Exclude Admin account from Account Locked out policy

[sing]

Archived from groups: microsoft.public.windowsnt.domain (More info?)

Does anyone know if we can exclude Administrator account from Locked Out
account policy on NT domain? I have Account Policy to lock out the account
after bad 5 attempt, but the problem is that it also locked out the
Administrator account. Is there a way to exclude Admin account from it?

I have checked Password Never Expired and/or User Cannot change password,
but it doesn't make any differences.

Thanks

 

[Guest]

Archived from groups: microsoft.public.windowsnt.domain (More info?)

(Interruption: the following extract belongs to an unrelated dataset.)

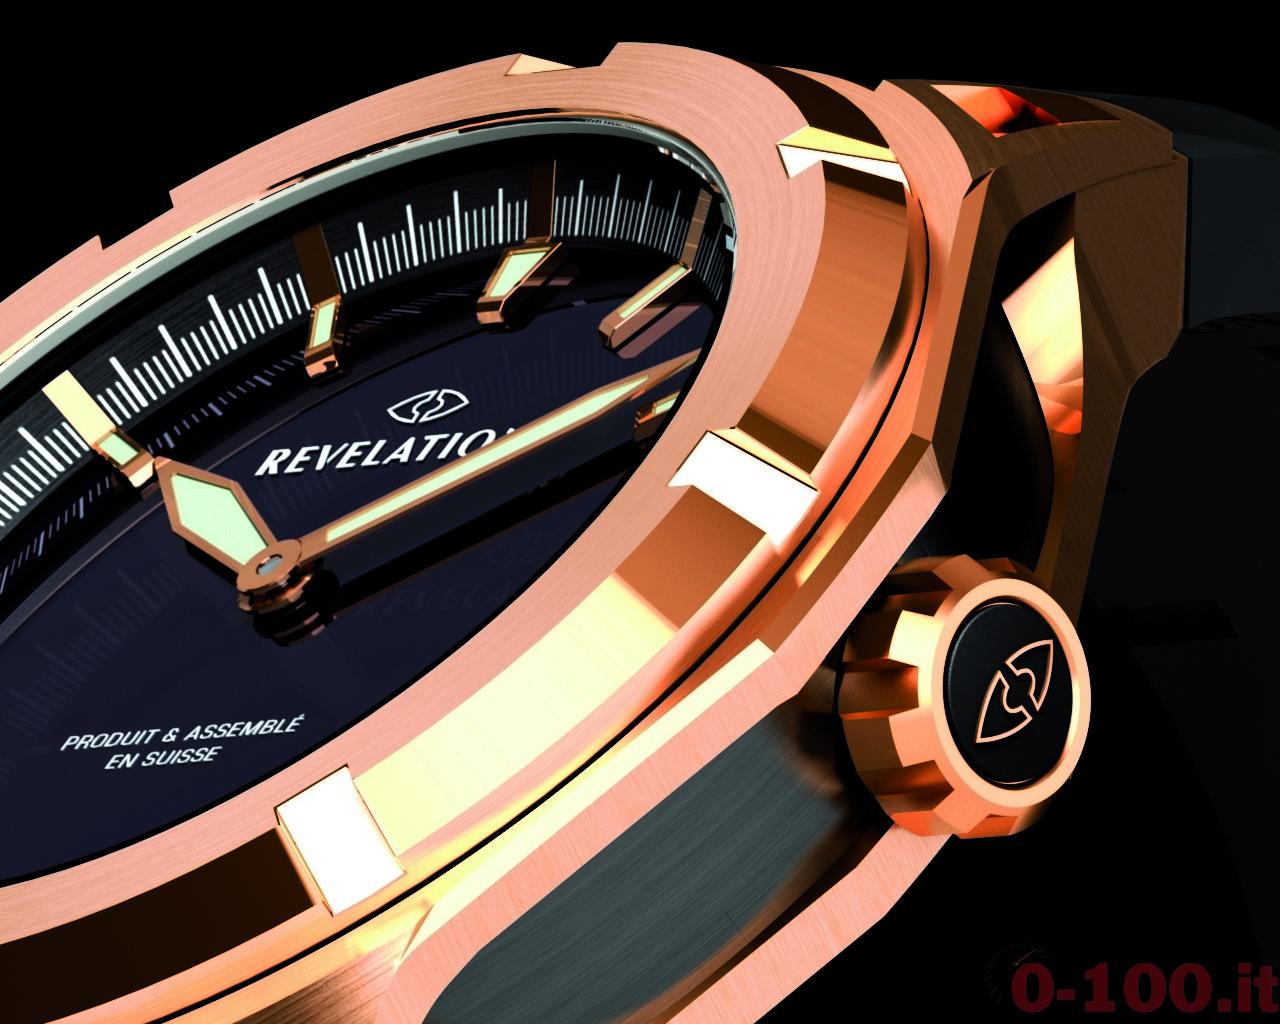 anteprima-baselworld-2014-revelation-r04-tourbillon-magical-watch-dial_0-1003
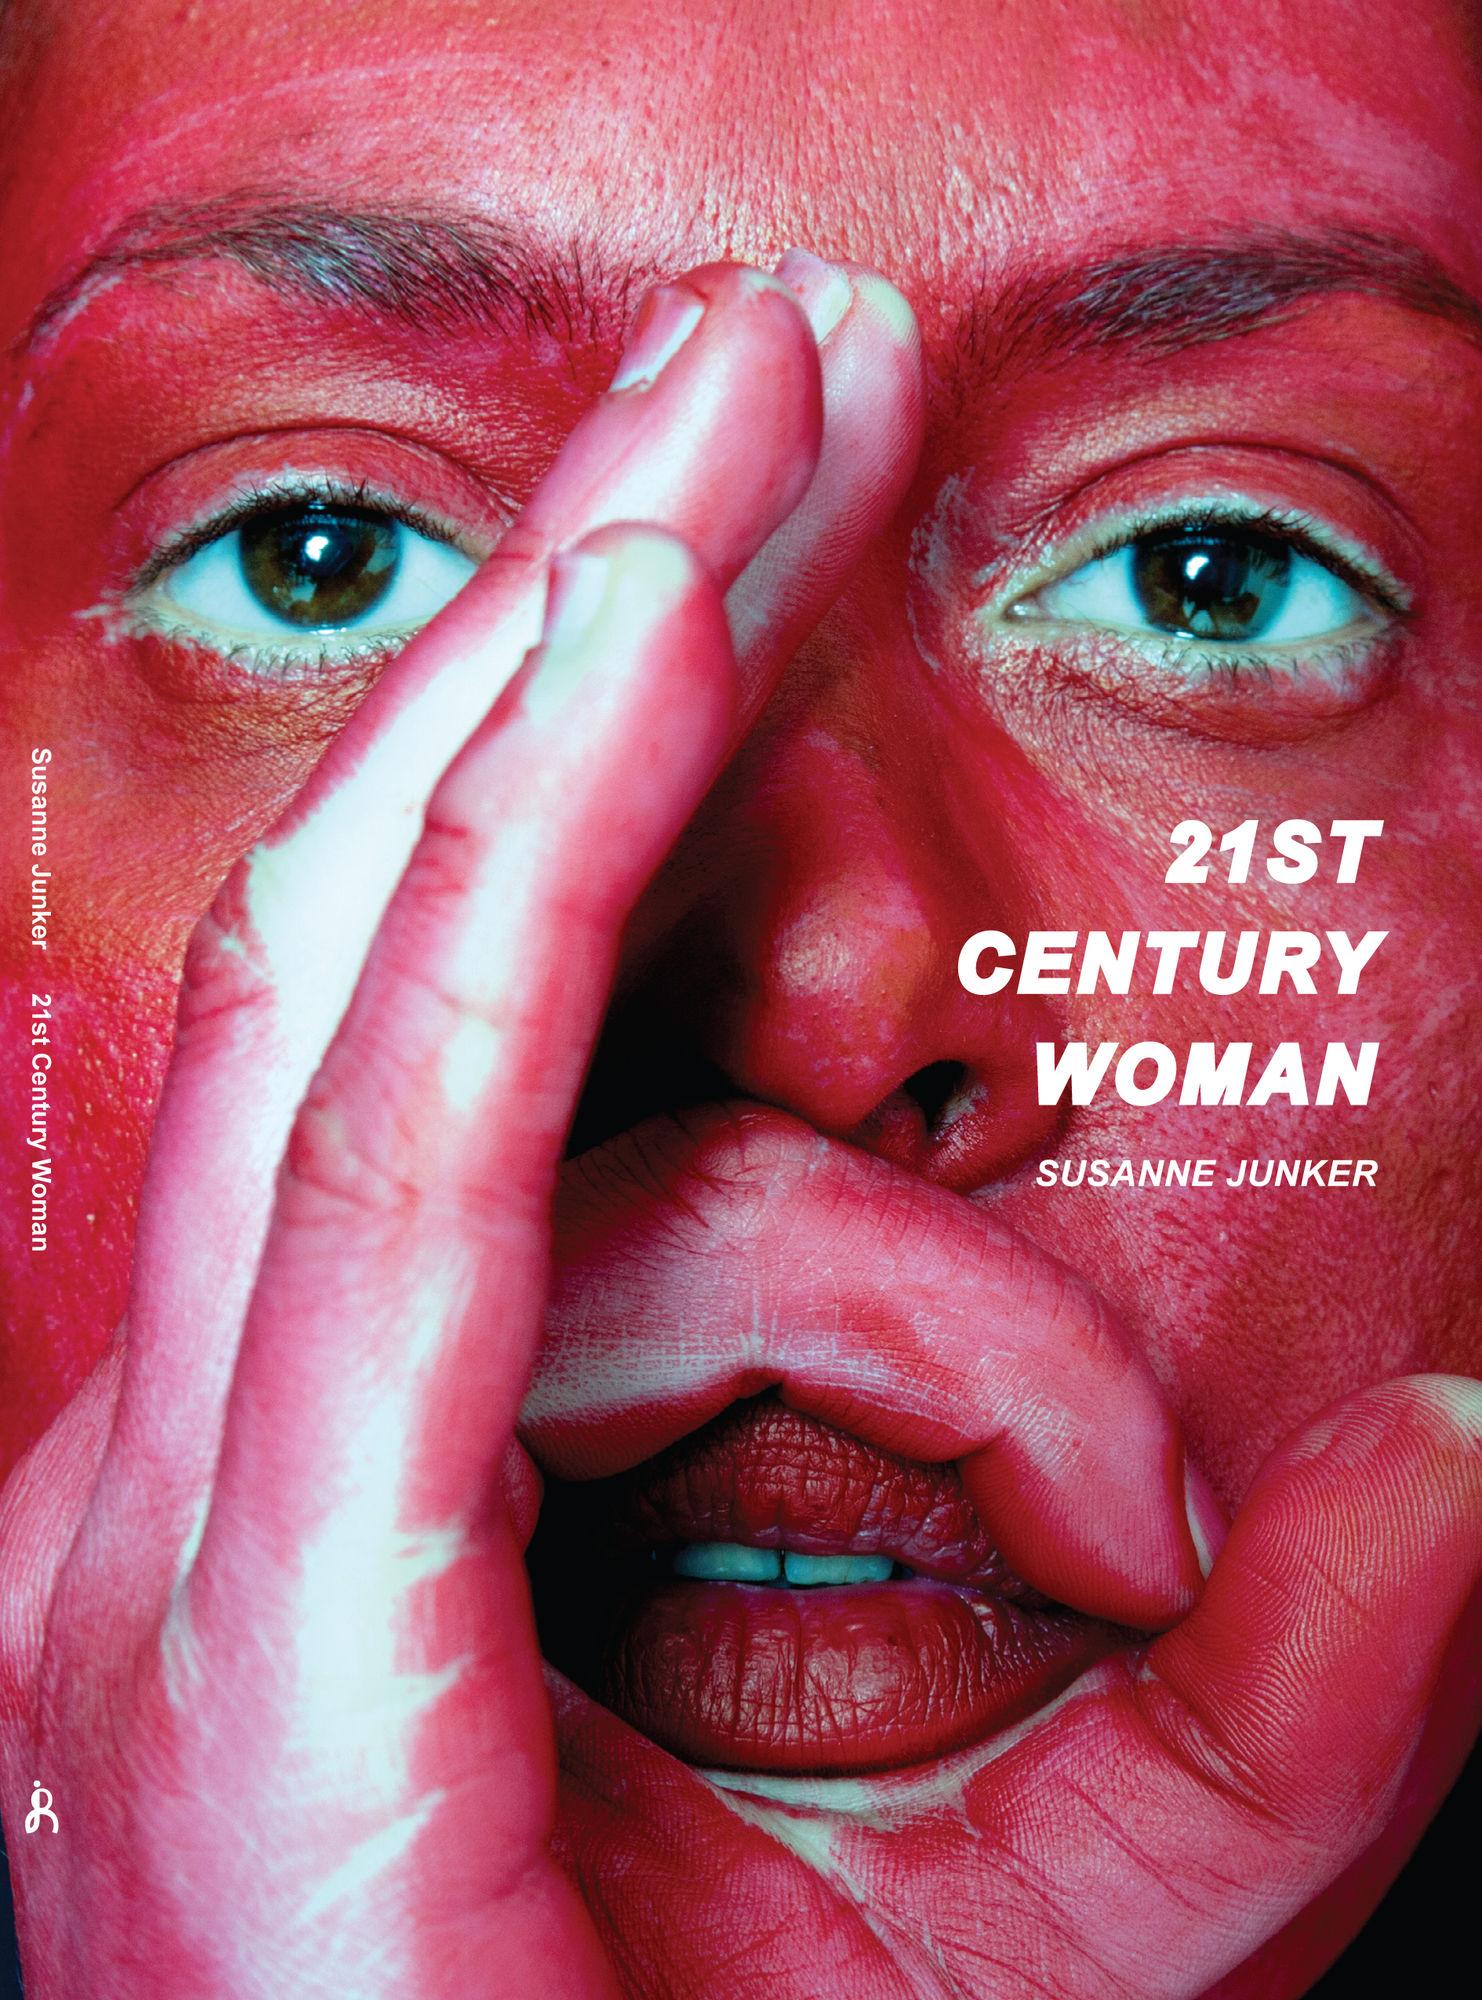 Susanne Junker new book, 21st CENTURY WOMAN -- CHRISTMAS PROMOTION!!

Security measures such as a password policy are domain level functions and cannot be divided up in a single domain. So no, you cannot do that.

 

[ME]

Archived from groups: microsoft.public.windowsnt.domain (More info?)

The domain administrator account does not have a lockout policy under NT 4.
You can use the PASSPROP utility from the NT Resource Kit to enable a
lockout when the use is from the network side and not from the console.
PASSPROP will never let you lockout from the console.

It sounds like someone very appropriately used PASSPROP to enable the
lockout. We see password guessing attempts after hours occasionally from
soon-to-be-ex security guards trying to browse the Internet.

You really should not undo it.

Ray

"Louis Jones" <ljones@qcsinet.com> wrote in message
news:5770A718-D934-4DF8-B2F7-83C1E0361CDE@microsoft.com...
> Security measures such as a password policy are domain level functions and
cannot be divided up in a single domain. So no, you cannot do that.